■ **The task**:
From top to bottom, print the listing word for word and skip any pictures it contains.

■ **Data shown**:
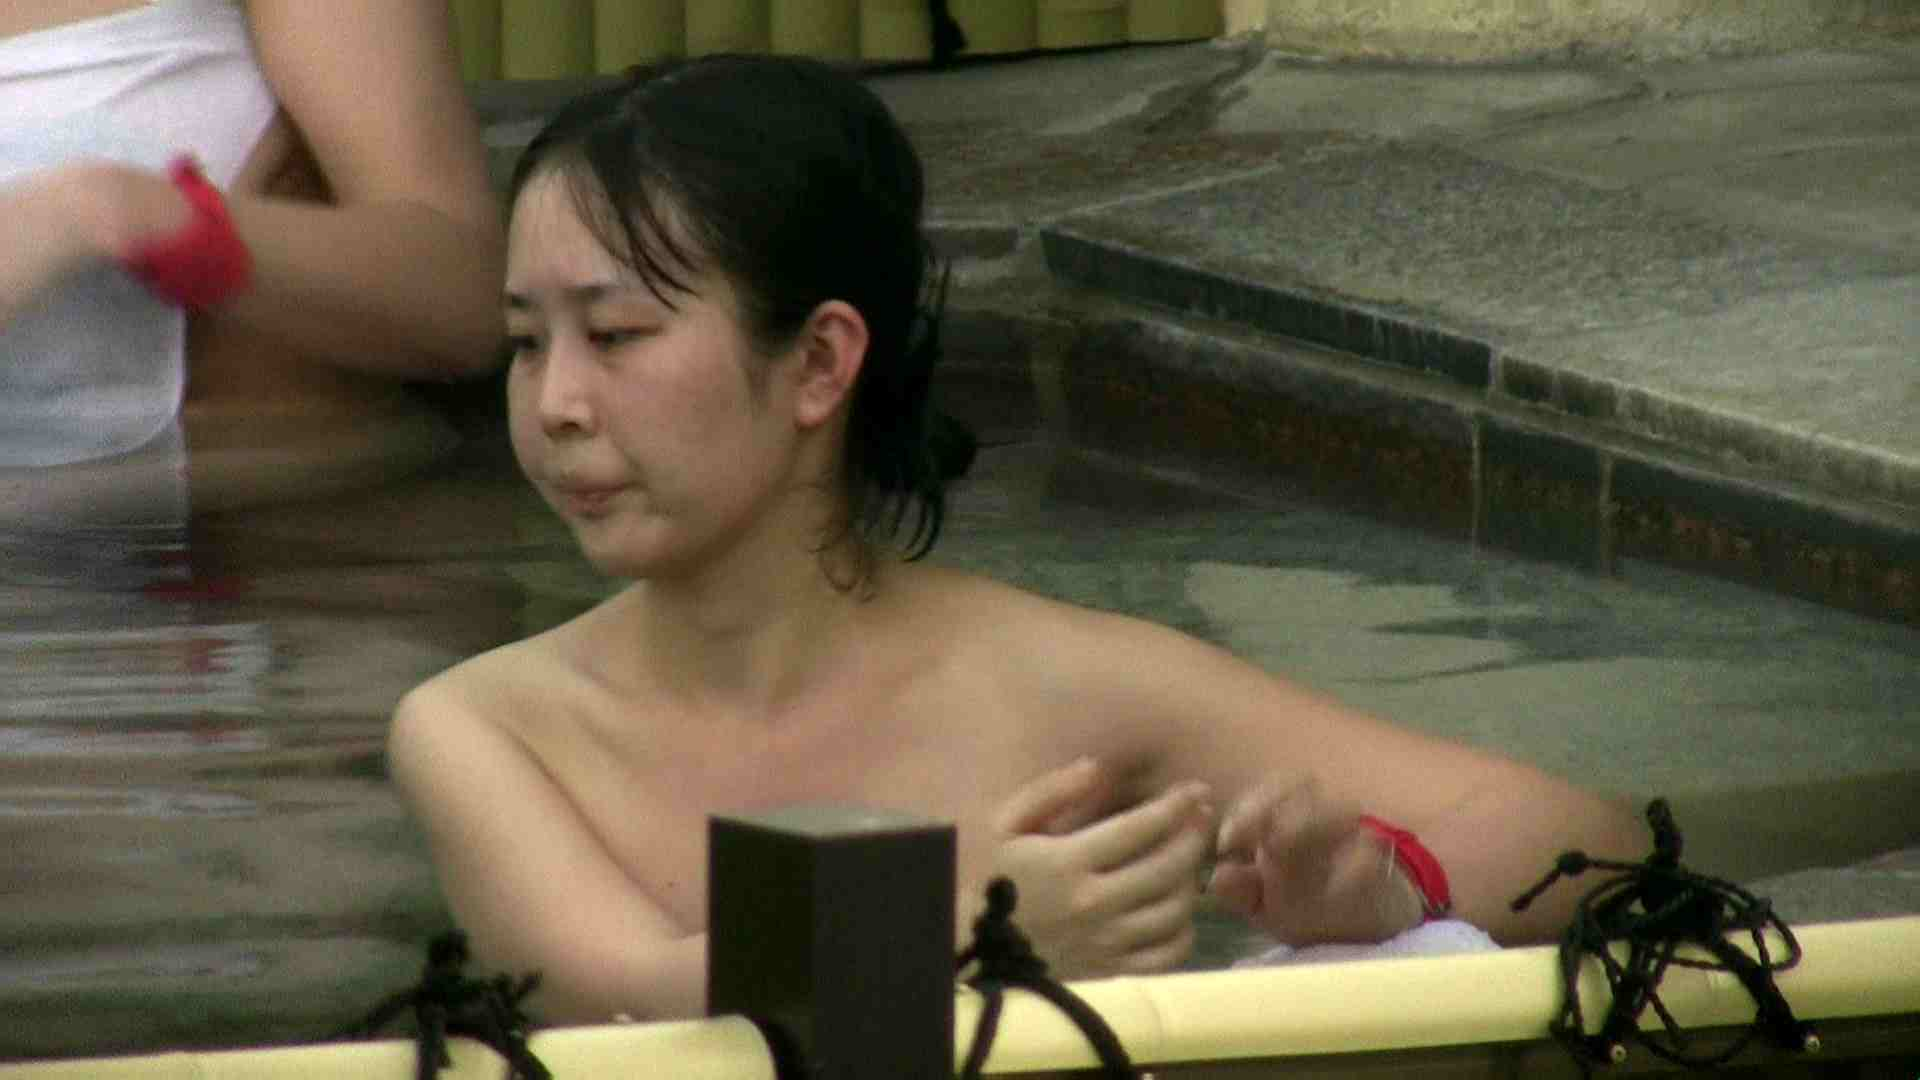 Aquaな露天風呂Vol.636 OL女体 | 露天  87連発 85
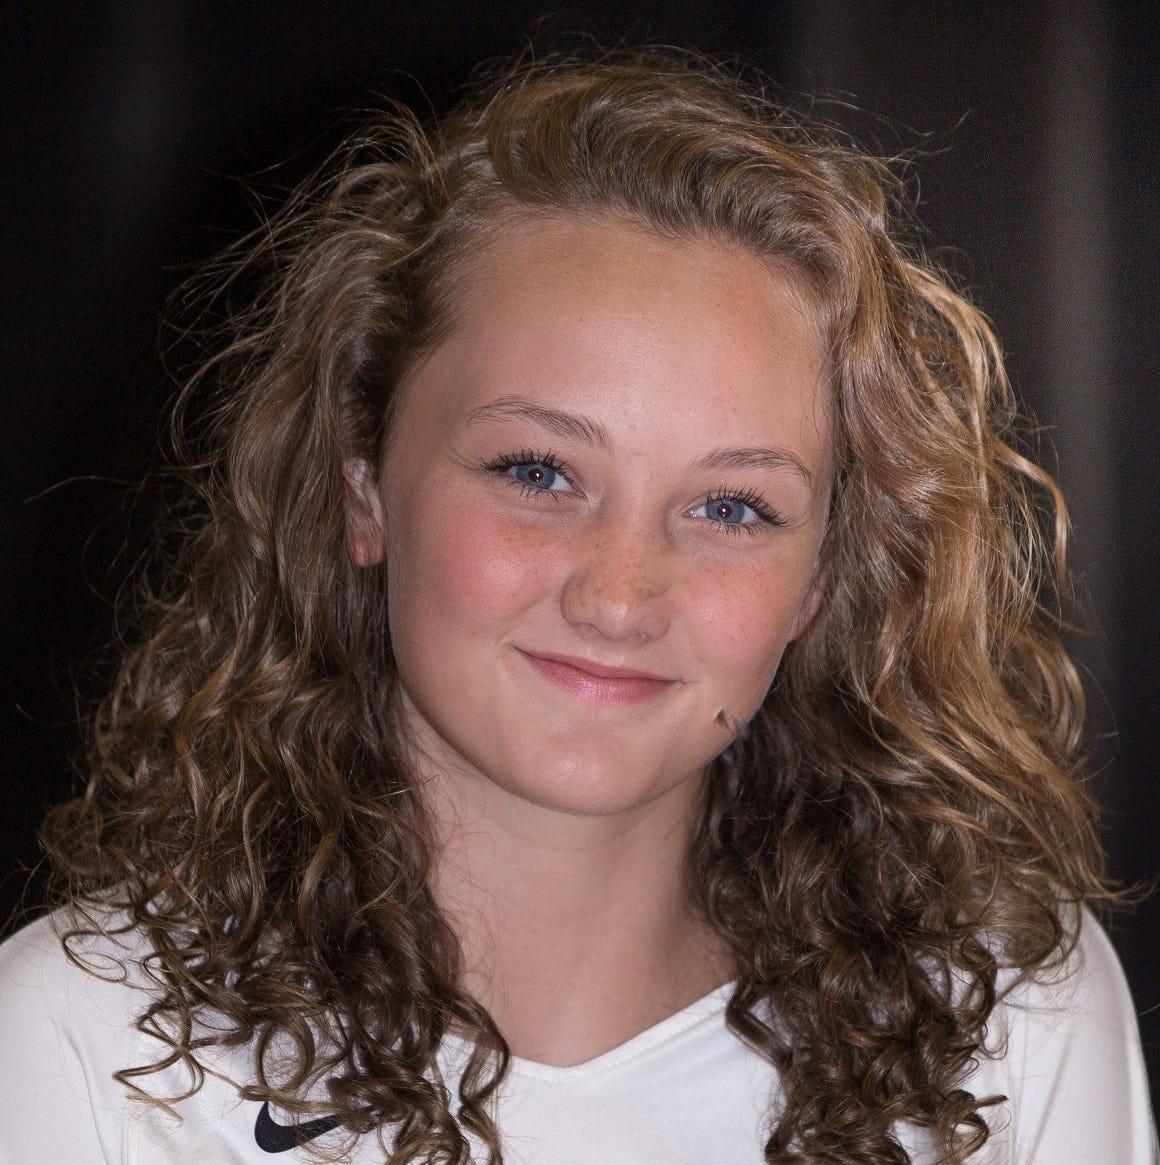 Camden's Abby Pierce named Week 5 female athlete of the week
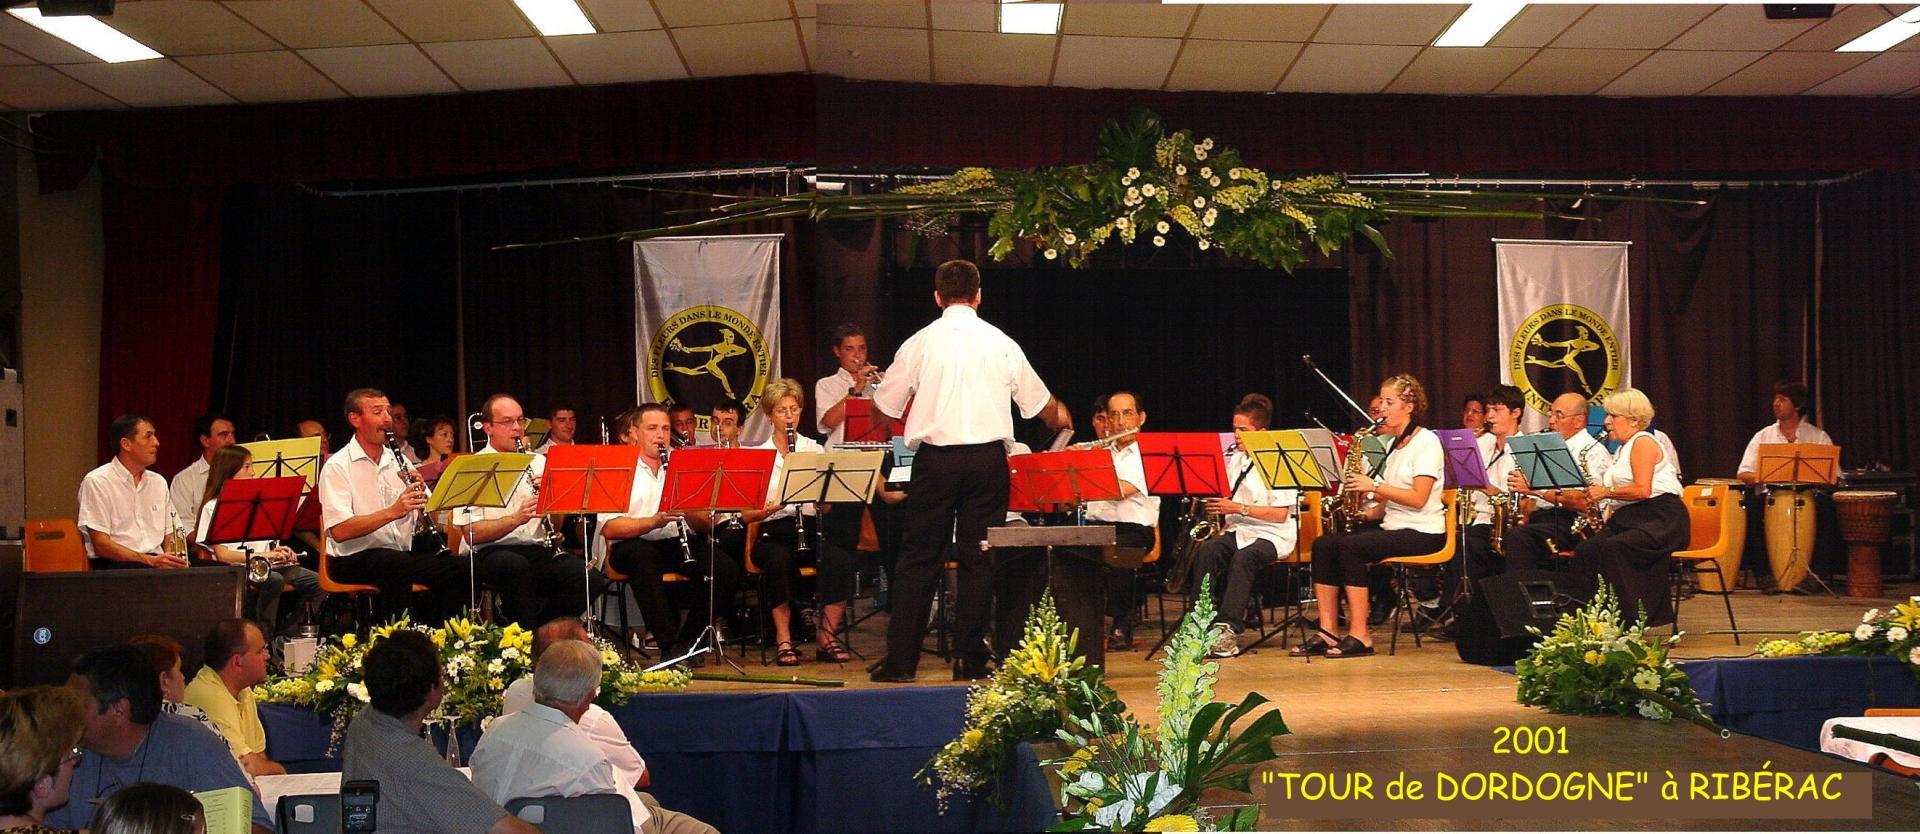 2001 tour dordogne1 2

■ **Answer to the exercise**:
 Aquaな露天風呂Vol.636 OL女体 | 露天  87連発 85
 Camden's Abby Pierce named Week 5 female athlete of the week
 2001 tour dordogne1 2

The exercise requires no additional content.